Lead Generation on Meta

Even a B2B business can advertise on Meta, but I’ll admit it’s more challenging than it is for the B2C market.

Before going too far into planning your lead-generation campaigns on Meta, check out your Meta audience targeting options to see if your market is even defined here. There are a number of industries that won’t have the targeting options available and would probably do well to test out campaigns on LinkedIn’s ad network.

When looking to drive leads on Meta, keep in mind that Meta is not a platform where businesses are looking to find service solutions. This means you need to find a more social-friendly approach to your usual sales tactics.

Keep these principles in mind:

  1. Try a casual tone and try being a little more personal.
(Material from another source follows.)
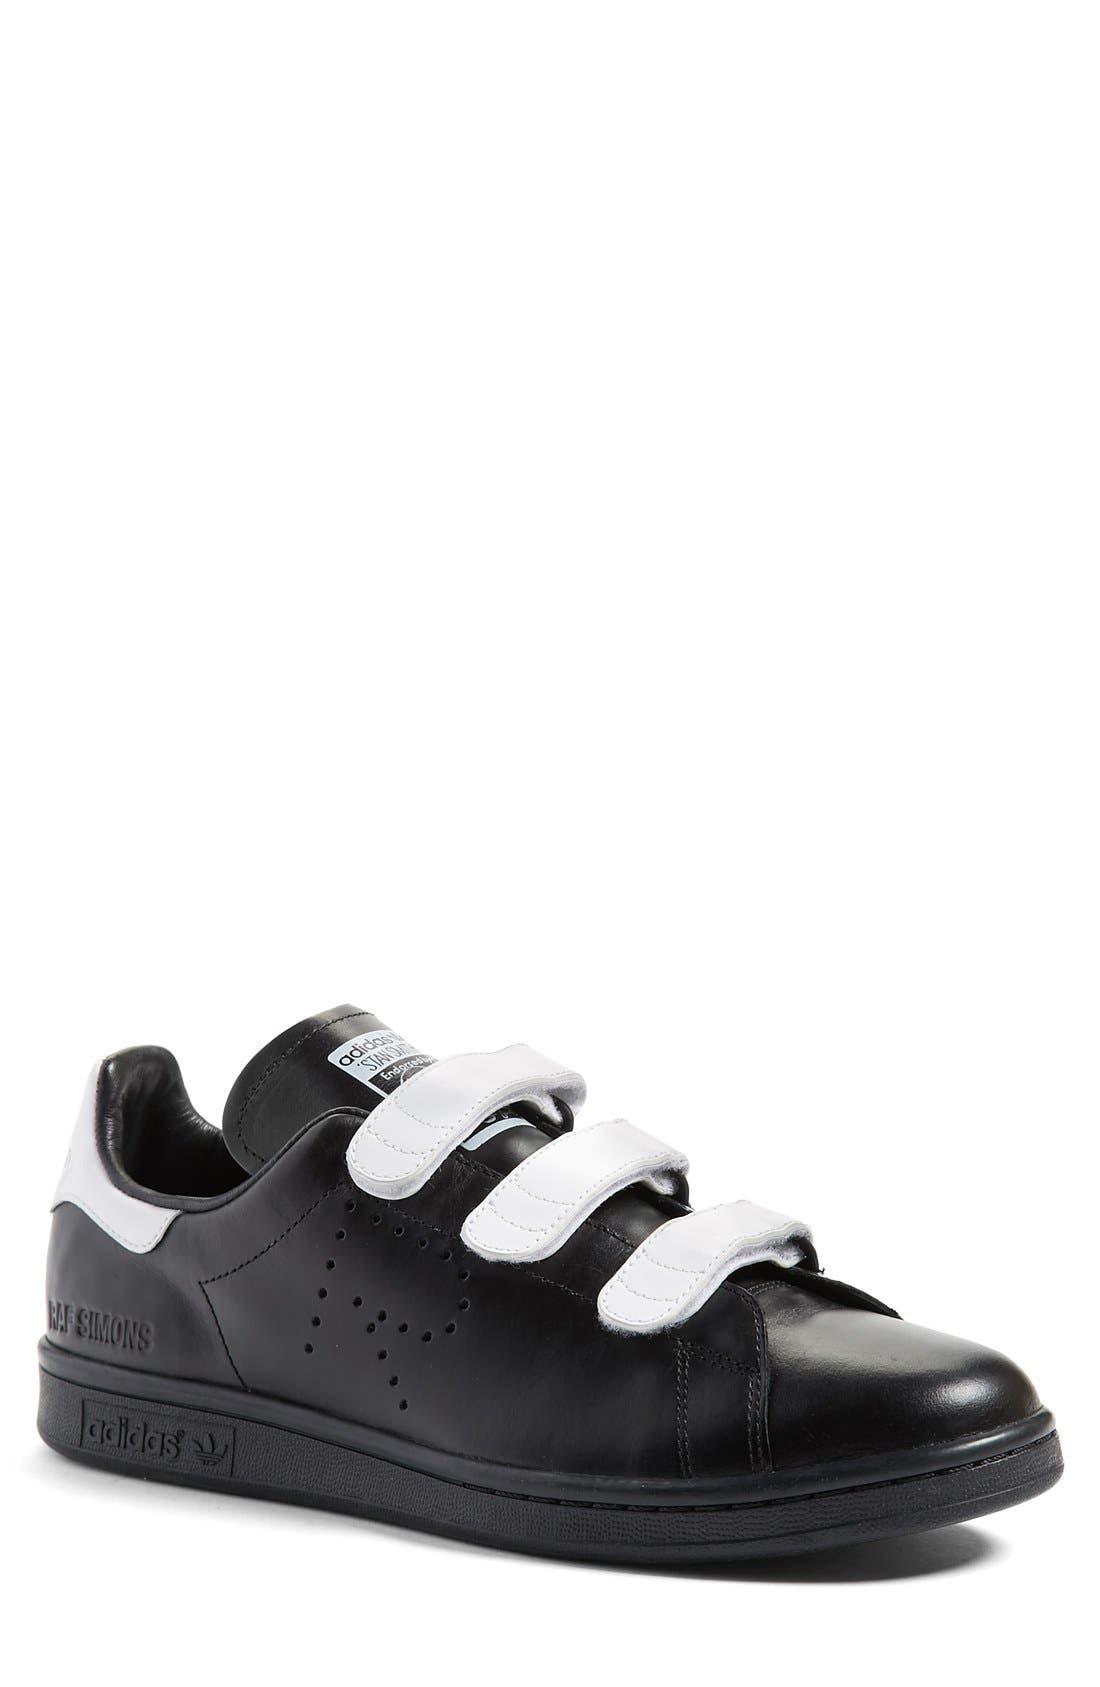 RAF SIMONS adidas by Raf Simons 'Stan Smith' Sneaker, Main, color, 001

This might seem counterintuitive to your brand or uncomfortable at first, but you’ll find that people will engage more if you’re authentic.
  2. Be careful about how you tout your business’s successes. It’s better to keep your ad language more audience-focused and less business-focused. People will call you out on Meta for every flaw you may have! Be ready for negative feedback and take it in stride.
  3. If you’re looking to generate leads via a form, whitepaper download, or other free offering, make sure you make the core value clear. Meta users will be hesitant to hand you their email address, so it is important to show how they get immediate value out of your offering. Offer something that satiates an immediate desire because the long-term payoff of working with your company might not be compelling enough to pull them away from their newsfeed.

Engagement

When you create ads with the Engagement objective, your goal is to reach people more likely to engage with your post. Engagement includes likes, comments and shares but can also include offers claimed from your page. Admittedly, engagement is the easiest goal to accomplish on Meta’s ad platform.

One thing you must keep in mind with this goal, however, is that engagement does NOT necessarily lead to sales/leads/customer base growth. If your goal on Meta is to get higher engagement (likes, shares, comments), then it will be beneficial to think of some “what’s next?” goals that collaborate with your increased engagement.
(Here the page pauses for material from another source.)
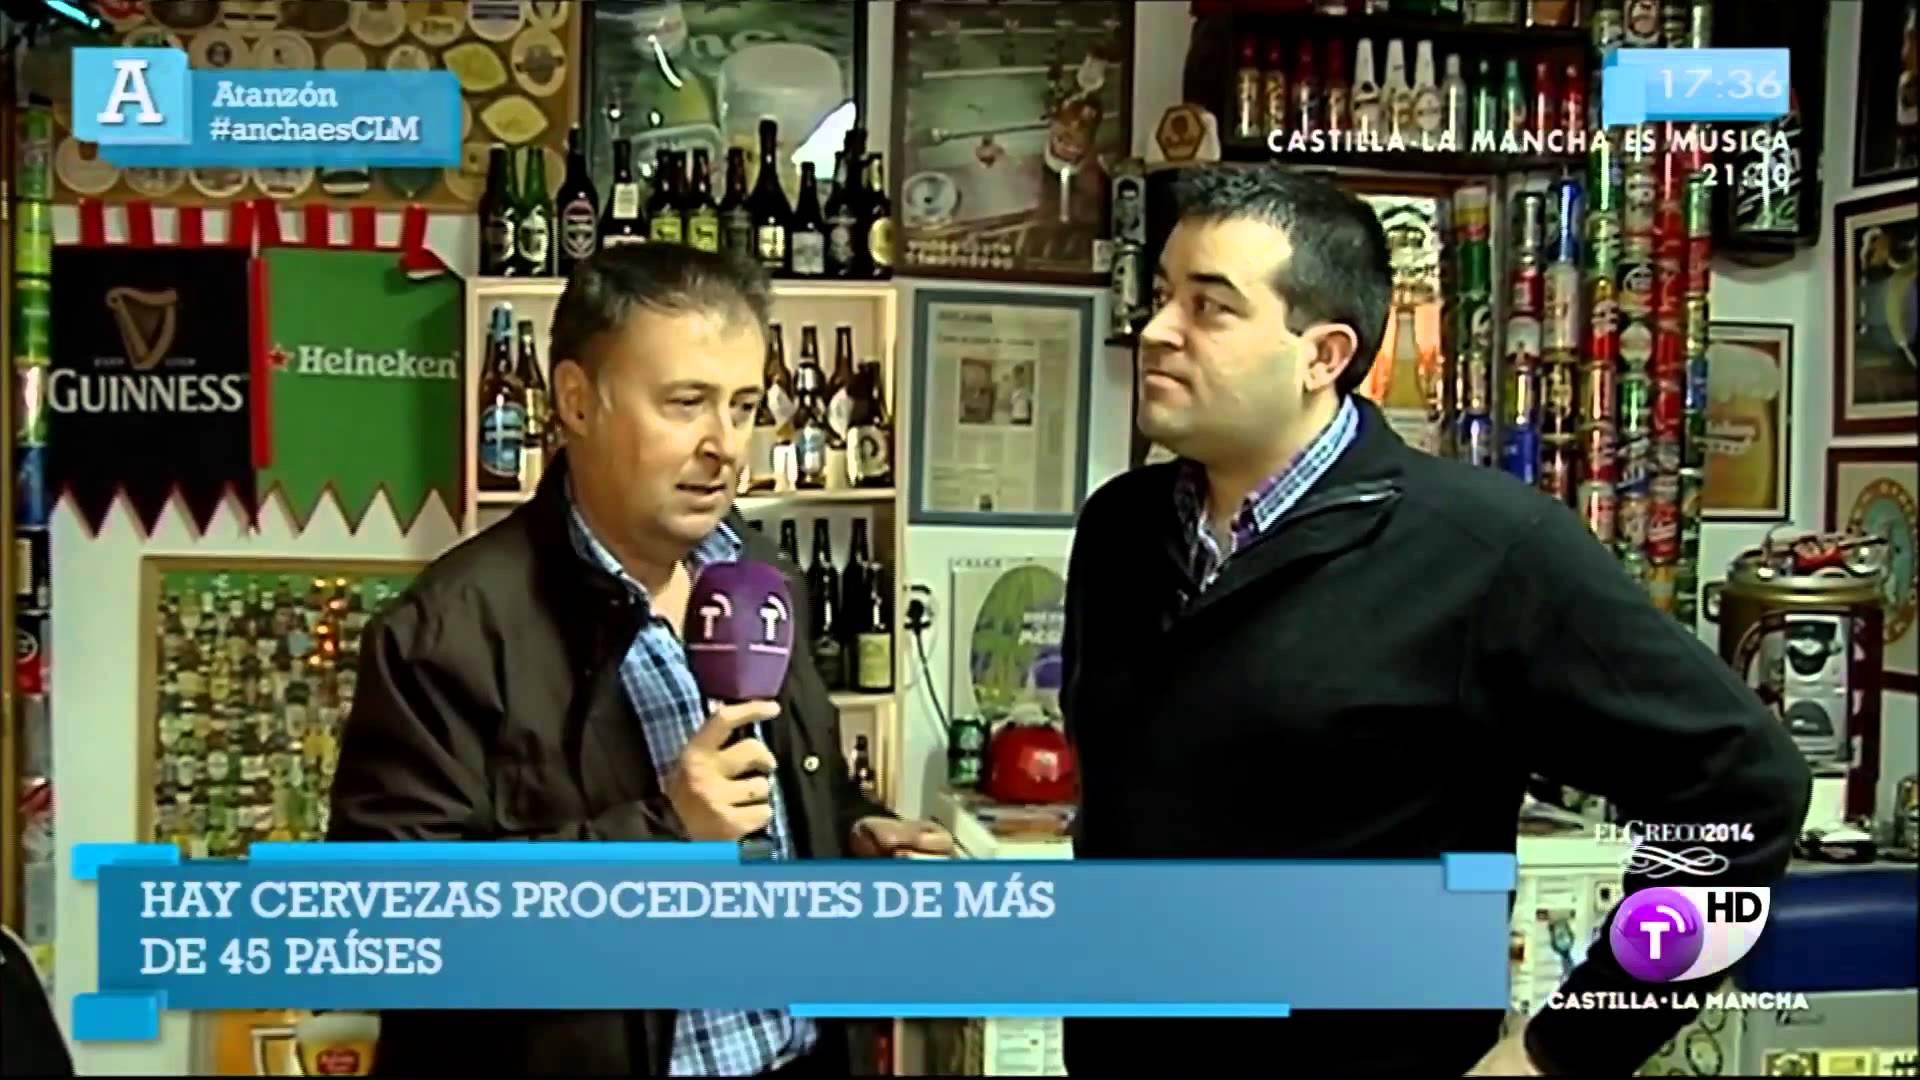 Curiosidades de Guadalajara (III): el Museo de la cerveza de Atanzón

What do I mean by this? Let’s say you run a campaign that increases your company page likes by over 200. This may seem like a success, but what can you do with these 200 new likes on your page? You can’t expect new users to see your company Meta posts unless you boost them, so it’s good to keep in mind that future posts focused on a sales or lead goal will need to be boosted to this new audience.
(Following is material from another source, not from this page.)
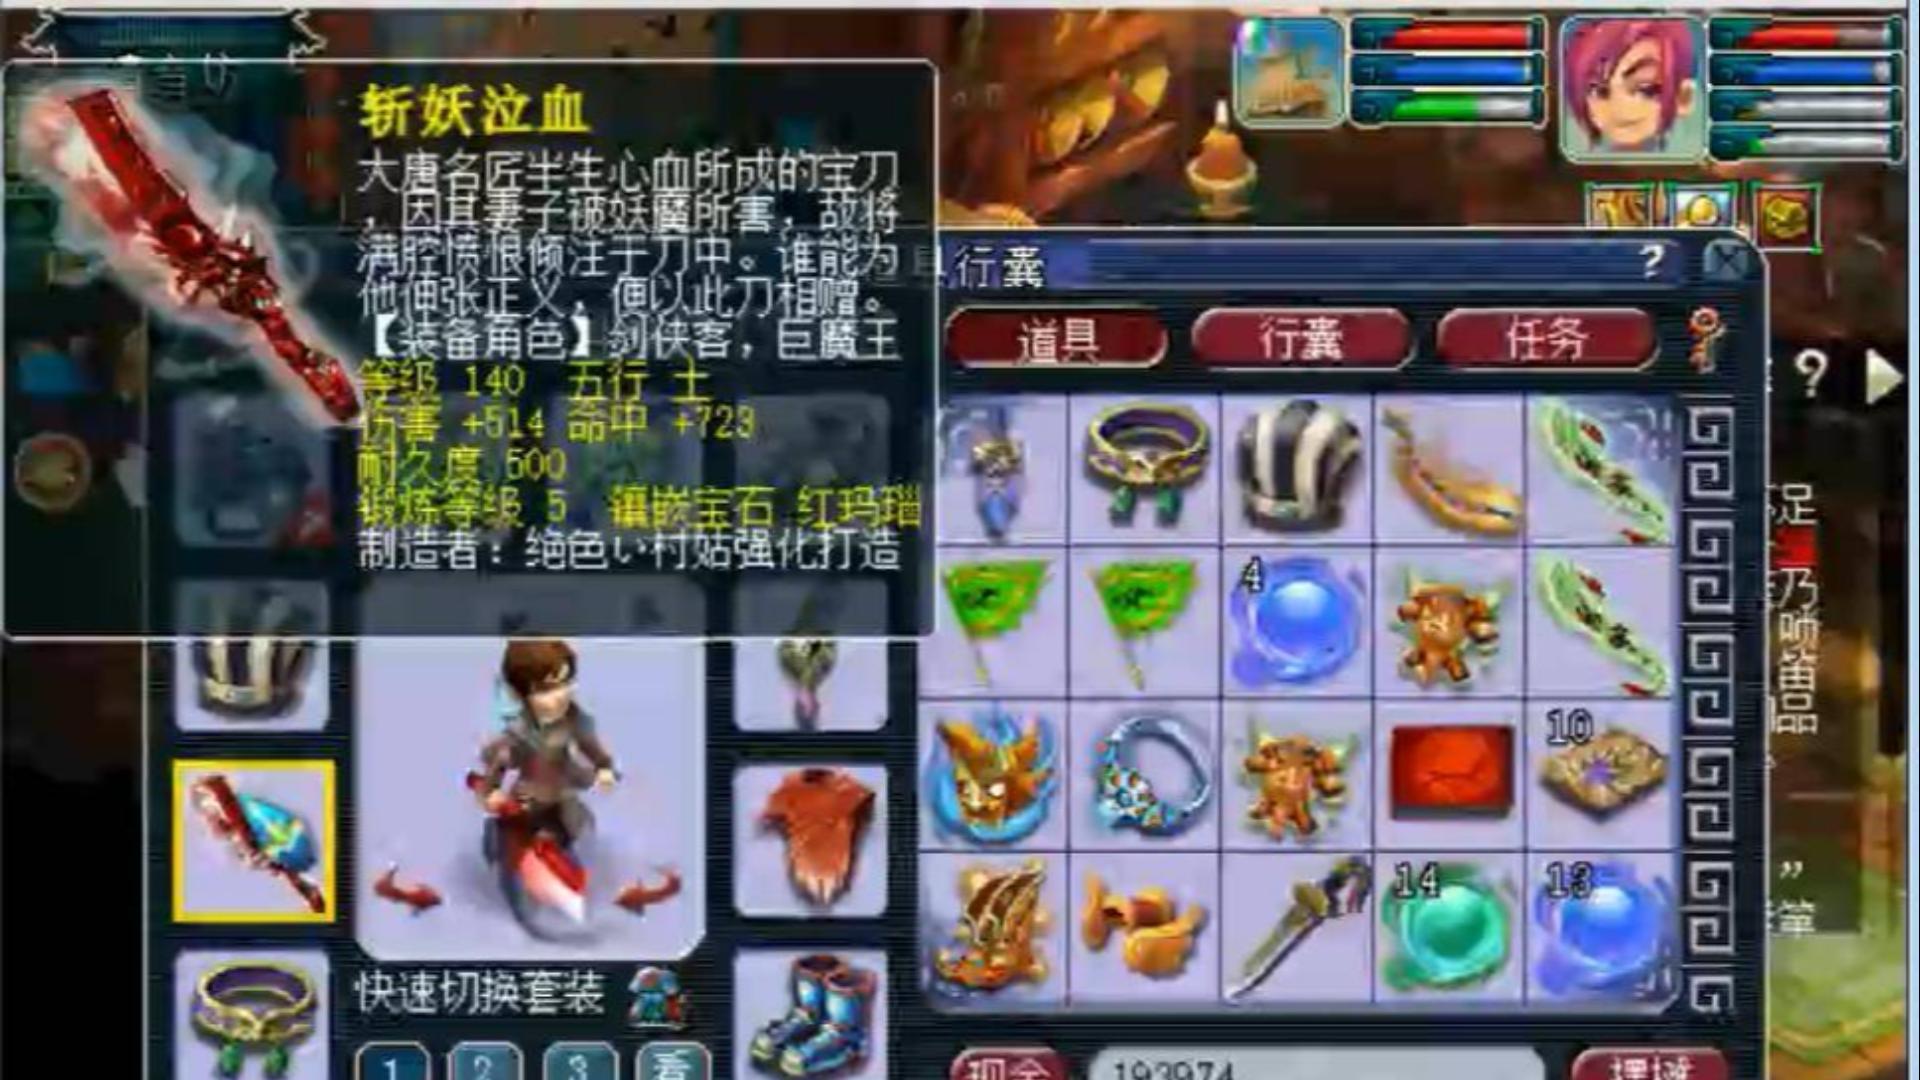 梦幻西游:老王花3800多块买了个打图号,上号看看有没有意外收获

Here are key principles to an effective Meta engagement strategy:

    • Use this objective to  increase interaction with your audience in the form of likes, shares, comments, and messaging. Statistics from Meta:
      • Messaging campaigns have 3x higher conversion rates
      • Video Views & Post Engagement can dramatically increase interactions
    • Engagement is not the quickest way to compel users to take an immediate action- keep this in mind when crafting campaigns
  • Try not to go the cliché route of explicitly telling users to share or like your post. Try instead to post a compelling question or an interesting piece of content that is likely to elicit some sort of emotional response from your audience. They’ll feel compelled to interact with this type of content on their own.

The important part is to keep trying and keep learning. A failure on Meta is a lesson for your next campaign. Meta ads can lead to sales if you put the diligence into learning about your audience and help them relate to your brand.